Citation: Yeng T. (2023) Late Failure in Endodontic Treatment: An Exemplar Case Study. J Oral Health Dent Res, 3(1): 1-5.

Copyrights: ©2023 Yeng T. This is an open-access article distributed under the terms of the Creative Commons Attribution License, which permits unrestricted use, distribution, and reproduction in any medium, provided the original author and source are credited.

Share Your Publication :

Views & Citations

1942

Likes & Shares

0


Global Views

  • Abstract
  • Full Text
  • Images
  • Tables
  • References
  • PDF
  • Supplementary Files

This exemplar case highlights the potential factors contributing to the late failure of an endodontically treated mandibular first molar successfully treated five years ago. Late failures in endodontic treatment may be viewed as the appearance or reappearance after healing of radiographic evidence of apical periodontitis, with or without associated clinical signs or symptoms of reinfection of the root canal system occurring some years later.

Clinical relevance: It is possible that initially healed cases of endodontically treated teeth could later become unsuccessful. Factors other than the root canal treatment itself may contribute to late failures.

Aim: To identify potential causative factors that may contribute to late failure of successful endodontically treated cases some years later.

Keywords: Root canal treatment, Root canal retreatment, Coronal leakage, Intra-radicular infection, Root fracture

INTRODUCTION

When root canal treatment is adequately carried out, healing of the periapical lesion usually occurs with a gradual reduction and resolution of the radiolucency observed on subsequent examination [1,2]. To assess the outcome of root canal therapy, a long-term radiographic and clinical review is essential [3]. The European Society of Endodontology has suggested that root canal treatment should be followed for a minimum period of 4 years [4]. If a lesion is detected after 4 years, then this may be considered to be associated with post treatment disease [4].

Root canal treatment usually fails when the treatment is performed inadequately [5], but in certain cases, failure is seen despite the highest standard of treatment [6]. From a biological perspective, an endodontic failure is associated with an inflammatory process in the periradicular area of the tooth [7]. Most authors highlight Enterococcus faecalis as the main microorganism associated with endodontic failure [8]; however, recent studies have isolated, other bacteria, such as Fusobacterium nucleatum and Propionibacterium, to a greater extent [9].
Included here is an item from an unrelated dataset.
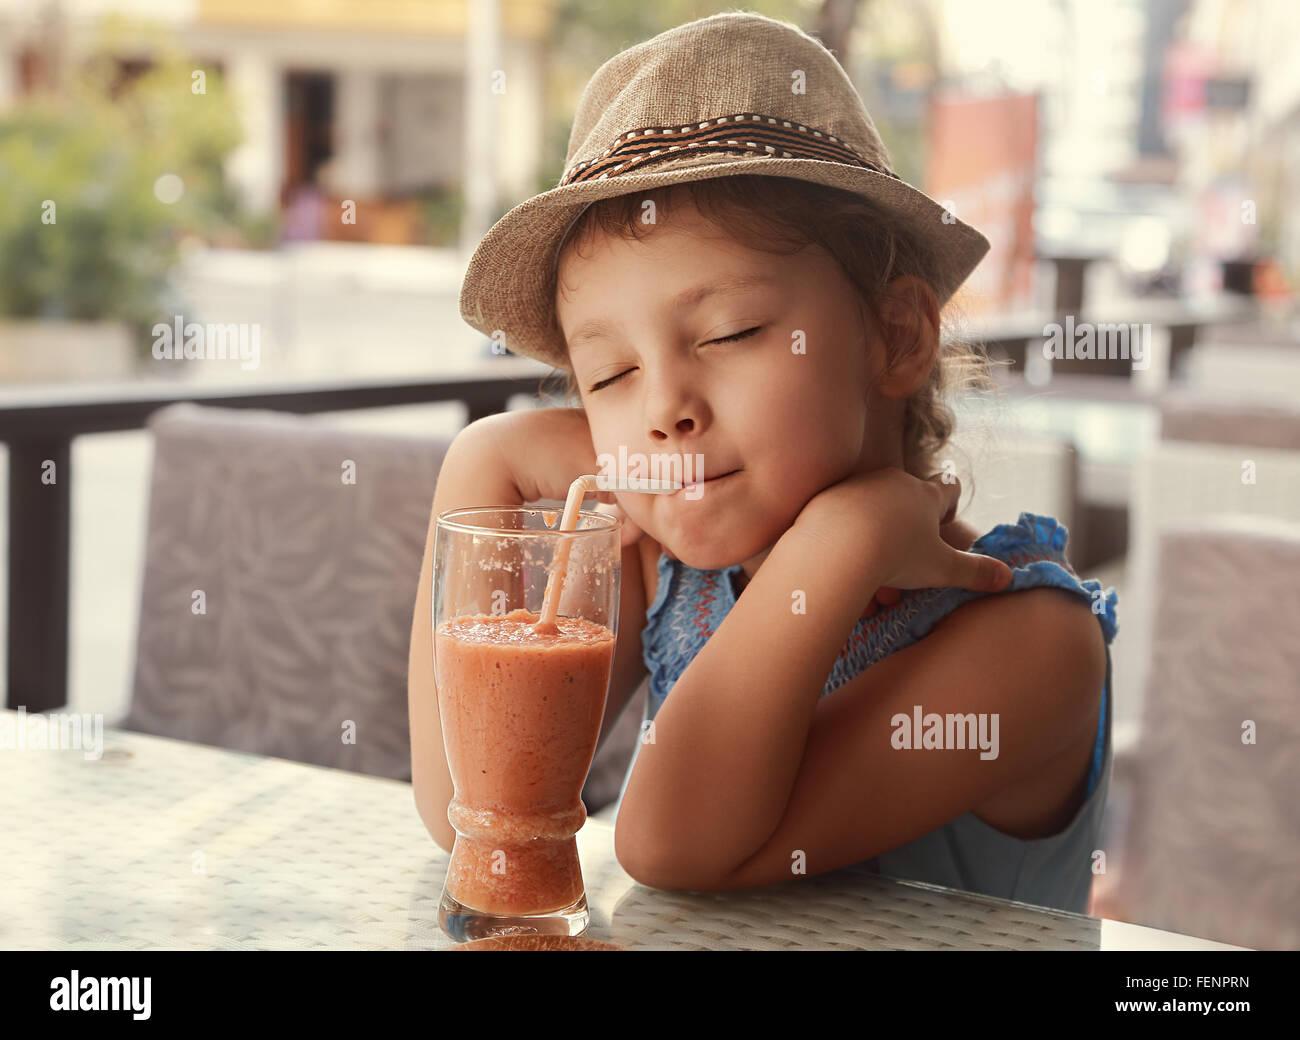 Feliz disfrutando de chico chica beber jugo sabroso batido natural con ojos cerrados relajado en el restaurante Imagen De Stock

Endodontic failures cluster into early and late failures [10,11]. Early failures usually result from the inadequate root canal therapy performed by the clinician, with symptoms arising soon after initial treatment [3]. Late failures, however, tend to involve factors other than the root canal therapy itself [12], such as recontamination of the root canal system via coronal leakage [13], root fractures [14], and the possibility of intra-radicular infection [15].

The aim of this paper is to present an exemplar case of a late failure in endodontic treatment and identify potential causative factors contributing to the loss of the tooth many years later.

CASE REPORT

A 43-year-old patient was referred for management of their lower left first molar (LL6) in 2017. In 2016, the patient had a root canal treatment and crown provided by his general dentist. Soon after completing the initial endodontic treatment, the patient complained of discomfort, with pain arising from the tooth when biting on food and then a throbbing ache that would last for a few minutes. The patient also presented with fluctuating buccal swelling. The patient was not keen to have LL6 extracted, especially since the completed root canal therapy was within 12 months, and instead wished to try to prolong the survival of LL6 with endodontic retreatment. Although dental implant was an option, the patient preferred to avoid having a fixed or removable prosthesis for financial reasons.

The following clinical and radiographic information was recorded by the endodontist during the consultation for LL6. Clinical findings included tenderness to percussion, pain on palpation around the periapical area, and fluctuant buccal swelling. There was an absence of any sinus tract on the labial or lingual aspect, and normal periodontal health with no deep pocketing was detected. In addition, no caries was detected, normal tooth mobility was observed, a negative Fracfinder test resulted, and there was no clinical evidence of coronal leakage around the existing new crown.

Radiographic findings included periapical radiolucency around the distal root of LL6, as shown in Figures 1 & 2, with no furcal or angular bone loss. Additionally, no caries or cavitation of the tooth structure or evidence of an open defect around the crown were detected; and the technical standard of the root canal filling appeared acceptable, with no procedural complications identified on the radiographs.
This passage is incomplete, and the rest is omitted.